Este tipo ayuda a retener la humedad en los postres y se puede encontrar en una variedad de alimentos procesados. También se disuelve bien en líquido, haciéndolo más favorable para endulzar bebidas como los refrescos. Debido a que ralentiza la cristalización, el azúcar invertido también puede ofrecer una textura más suave cuando se agrega a los productos alimenticios. También se puede usar en lugar de otras formas líquidas de las cosas dulces, como el jarabe de maíz.

Puede encontrar azúcar invertido en:

  • Pasteles y productos horneados
  • Helado
  • Caramelo
  • Yogurt saborizado
  • Soda y refrescos
  • Café con sabor
  • Golosinas
  • Cereales
  • Bebidas de frutas que no sean 100% jugo
  • Jarabes

Los azúcares agregados se pueden encontrar en muchos alimentos, incluso en aquellos en los que menos esperamos verlos. Leer la etiqueta de los ingredientes es la única forma segura de saber si un alimento contiene azúcar invertido.

donuts con azucar invertido

Azúcar invertido vs azúcar de mesa

El tipo invertido en realidad no es muy diferente del azúcar de mesa estándar.

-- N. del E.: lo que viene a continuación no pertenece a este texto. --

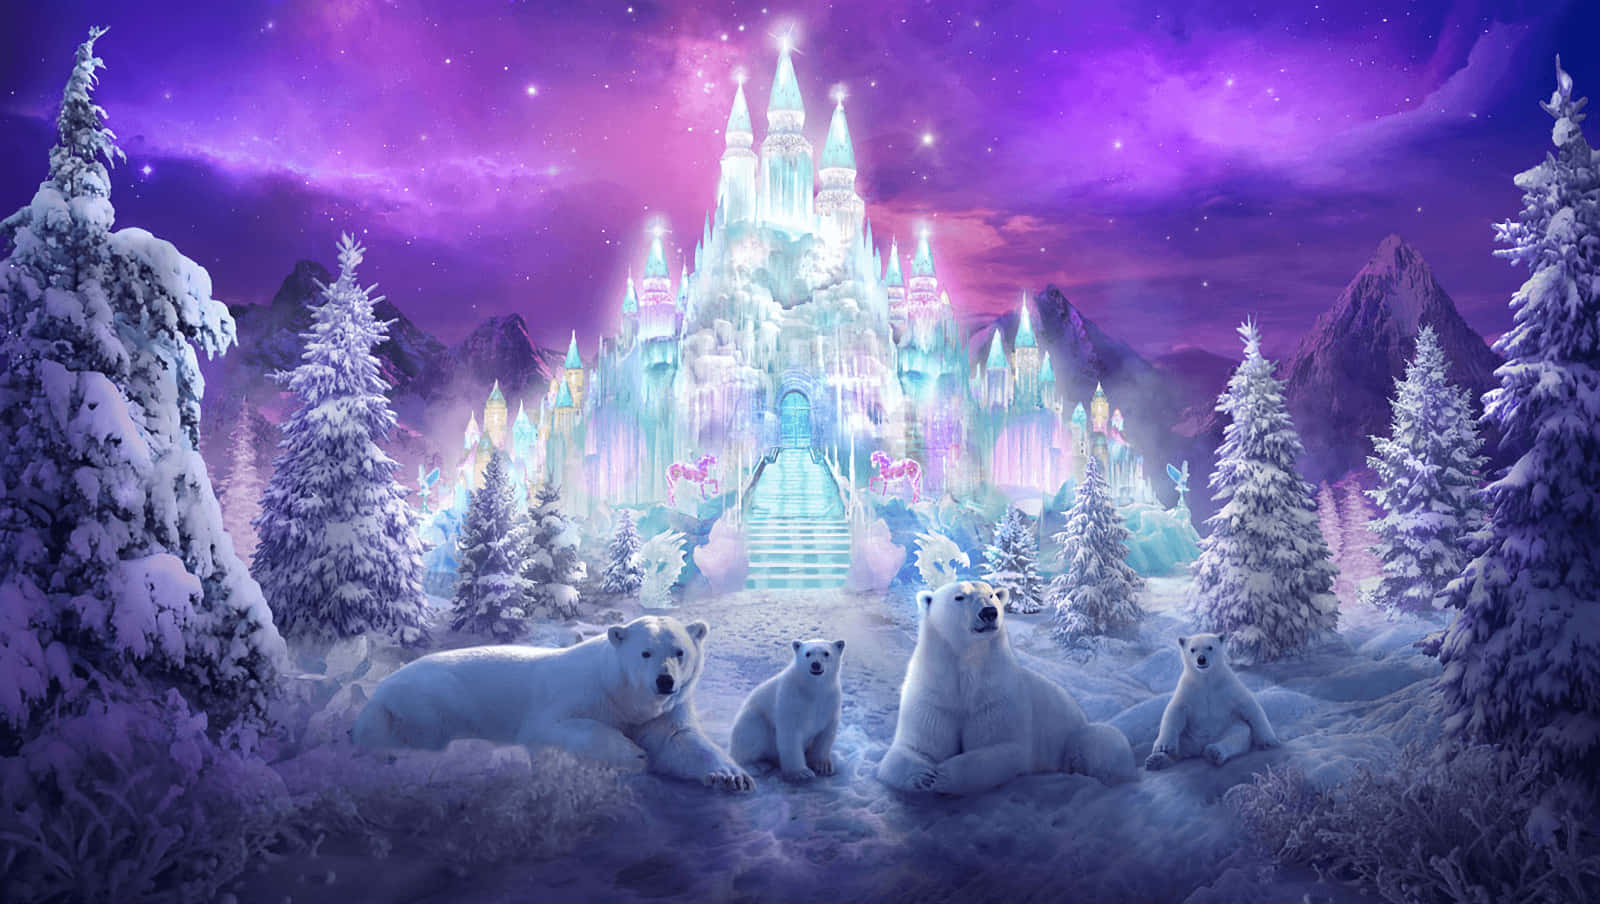 Ice Castle Winter Wonderland Background

La mayor diferencia podría ser sus formas: encontrarás el de mesa en gránulos, y el invertido en líquido.

Otra diferencia está en el sabor: el azúcar es un poco más dulce que el azúcar estándar, ya que es más rico en fructosa. En general, la fructosa es más dulce que la glucosa o la sacarosa.

Sin embargo, invertir los relojes de azúcar es bastante similar al resto cuando se trata de calorías. El azúcar estándar proporciona aproximadamente 15 calorías por cucharadita (una cucharadita equivale a 4 gramos), mientras que la mayoría del invertido tiene aproximadamente 16.

¿Comemos azúcar añadido? Cantidad diaria

Todos los azúcares que comes pueden clasificarse como naturales o añadidos. Los naturales son, bueno, naturales; se encuentran en alimentos como la fruta (en forma de fructosa) o la leche (como lactosa). Por otro lado, los azúcares añadidos se mezclan cuando se procesan los alimentos.

Los agregados aparecen en las etiquetas de nutrición bajo una variedad de nombres, incluyendo invertido, jarabe de maíz con alto contenido de fructosa o melaza, entre muchos otros. Reconocer el azúcar en sus diversas formas puede ayudar a asegurarte de estar dentro del límite diario de añadido. En cantidades moderadas, el invertido, como todos los añadidos, puede ser parte de una dieta equilibrada. Pero, en la medida de lo posible, intenta satisfacer un antojo de azúcar con dulces naturales, como fruta fresca.

Ya sea que estemos comiendo una barrita de granola hecha con este tipo de azúcar, sacarosa, azúcar de miel o jarabes, o azúcar agregada de jugos concentrados de frutas o vegetales, todas son formas de azúcar añadida. El consumo constante de azúcar en exceso de lo que el cuerpo necesita aumenta las posibilidades de aumentar de peso. También puede aumentar el riesgo de problemas de salud crónicos como diabetes o enfermedades cardiovasculares, especialmente si tiene otros factores de riesgo.